A light ripple of laughter came up from below, and a chestnut thrown up struck him on the hand, and he saw Diana and Bill step from out the shadowy porch.
“There’s a chestnut for you, Mr. Owl,” she called, gaily, “if you will stay moping up there! Come, now, it’s a splendid evening; won’t you come?”
“No, thank you. I sha’n’t be missed,” was the reply.
“That’s true enough; the loss is your own. Good bye, Mr. Philosopher.”
“Good bye, Diana.”
Something in the tone struck strangely through her heart. It was the voice of what Diana never had felt yet–deep suffering–and she gave a little shiver.
“What an awfully solemn voice James has sometimes,” she said; and then added, with a laugh, “it would make his fortune as a Methodist minister.”
The sound of the light laugh and little snatches and echoes of gay talk came back like heartless elves to mock Jim’s sorrow.

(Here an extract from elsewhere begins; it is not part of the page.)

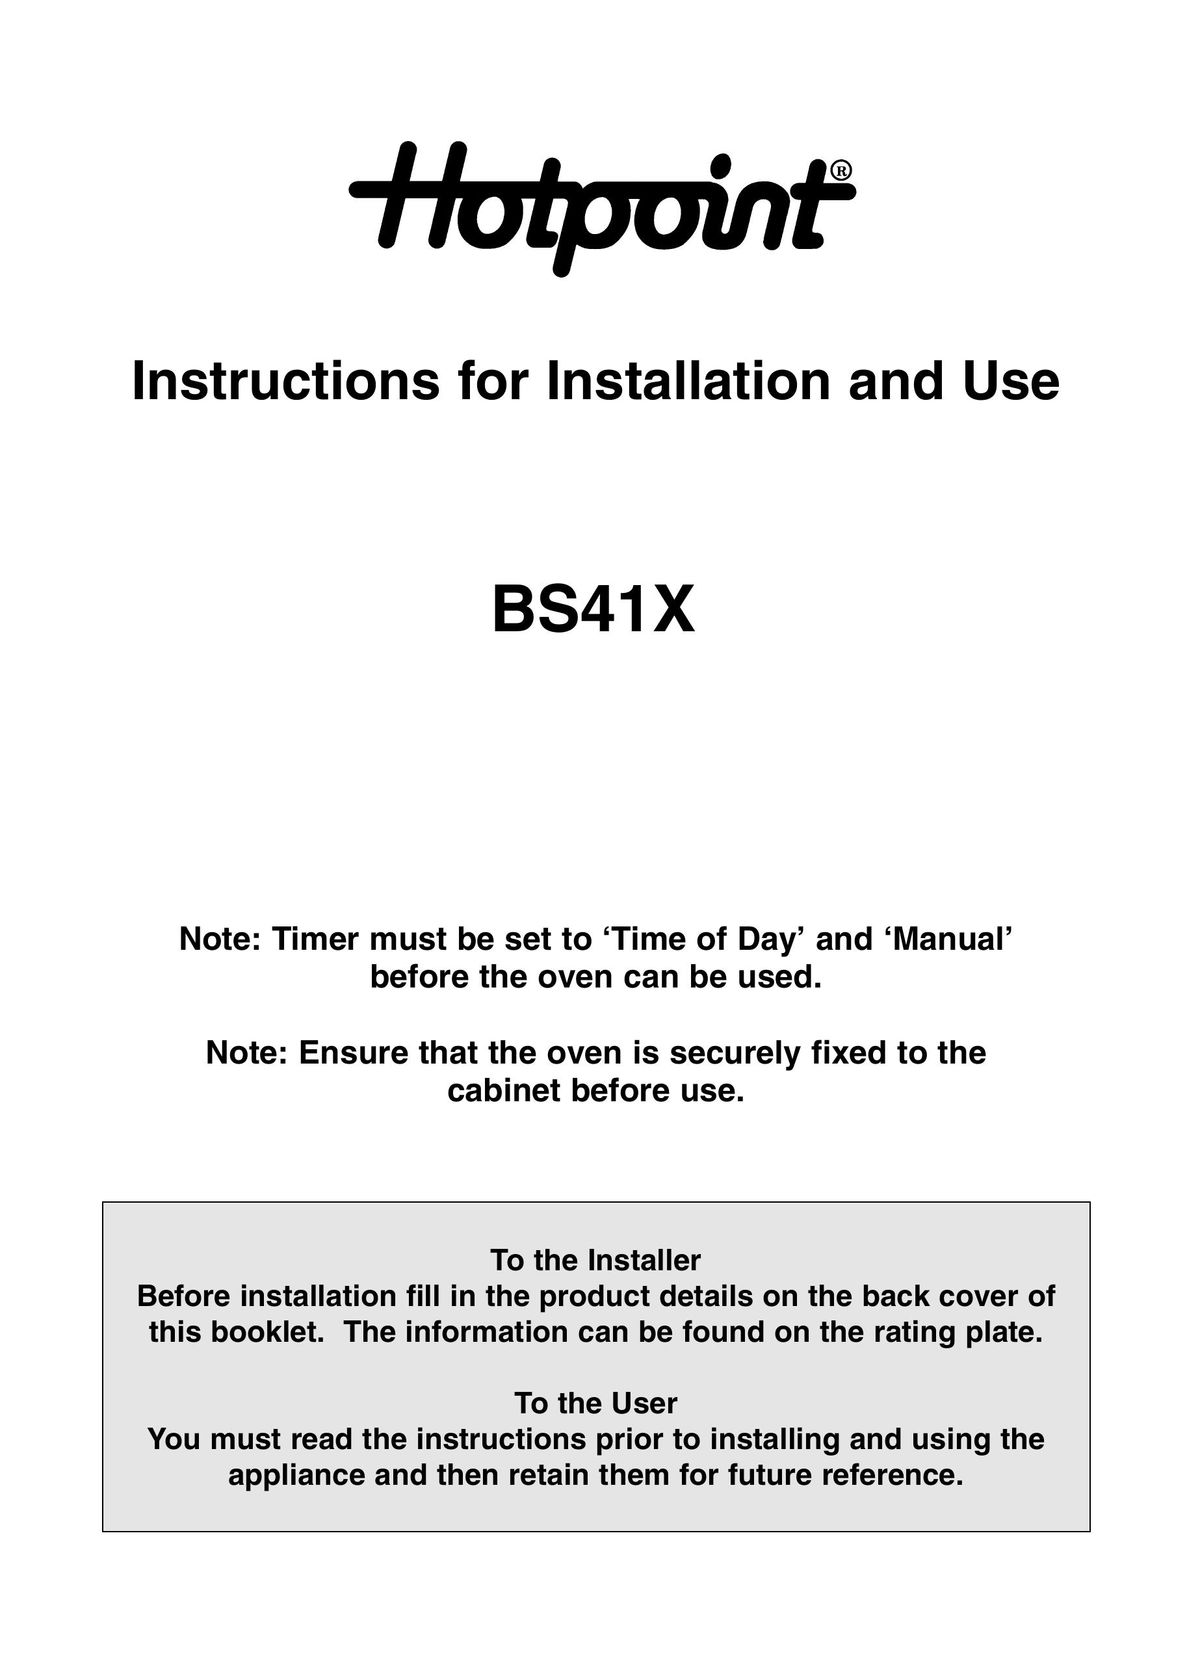 Hotpoint BS41X Oven User Manual
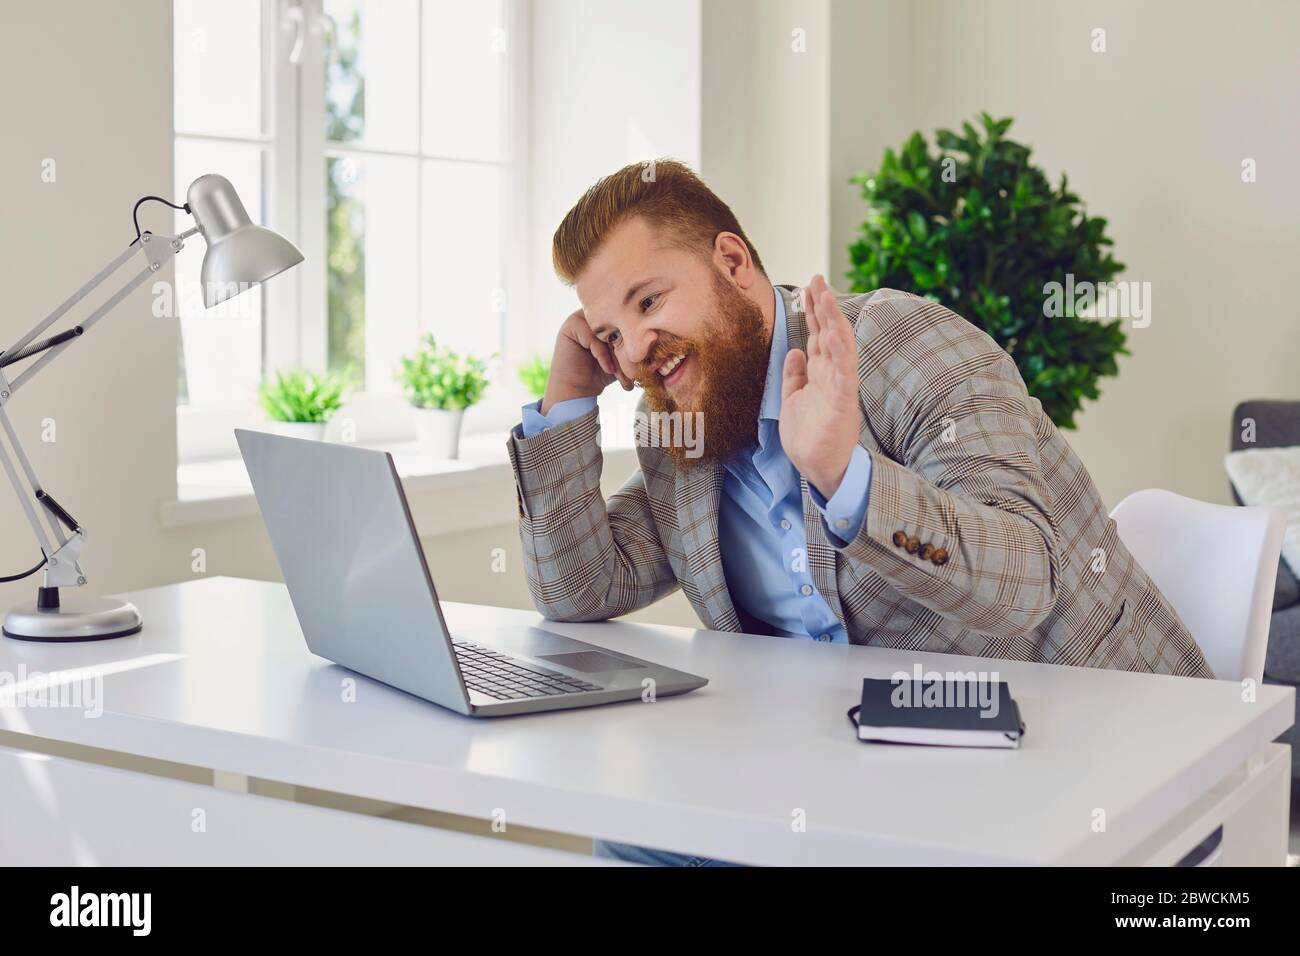 Online chat video call. Positive businessman making video call via laptop and waving hand. Stock Photo

“So much for her,” he said, and turned to go and look for his mother.
CHAPTER V.
MOTHER AND SON.
He knew where he should find her. There was a little, low work-room adjoining the kitchen that was his mother’s sanctum. There stood her work-basket–there were always piles and piles of work, begun or finished; and there also her few books at hand, to be glanced into in rare snatches of leisure in her busy life.
The old times New England house mother was not a mere unreflective drudge of domestic toil. She was a reader and a thinker, keenly appreciative in intellectual regions. The literature of that day in New England was sparse; but whatever there was, whether in this country or in England, that was noteworthy, was matter of keen interest, and Mrs. Pitkin’s small library was very dear to her. No nun in a convent under vows of abstinence ever practiced more rigorous self-denial than she did in the restraints and government of intellectual tastes and desires. Her son was dear to her as the fulfillment and expression of her unsatisfied craving for knowledge, the possessor of those fair fields of thought which duty forbade her to explore.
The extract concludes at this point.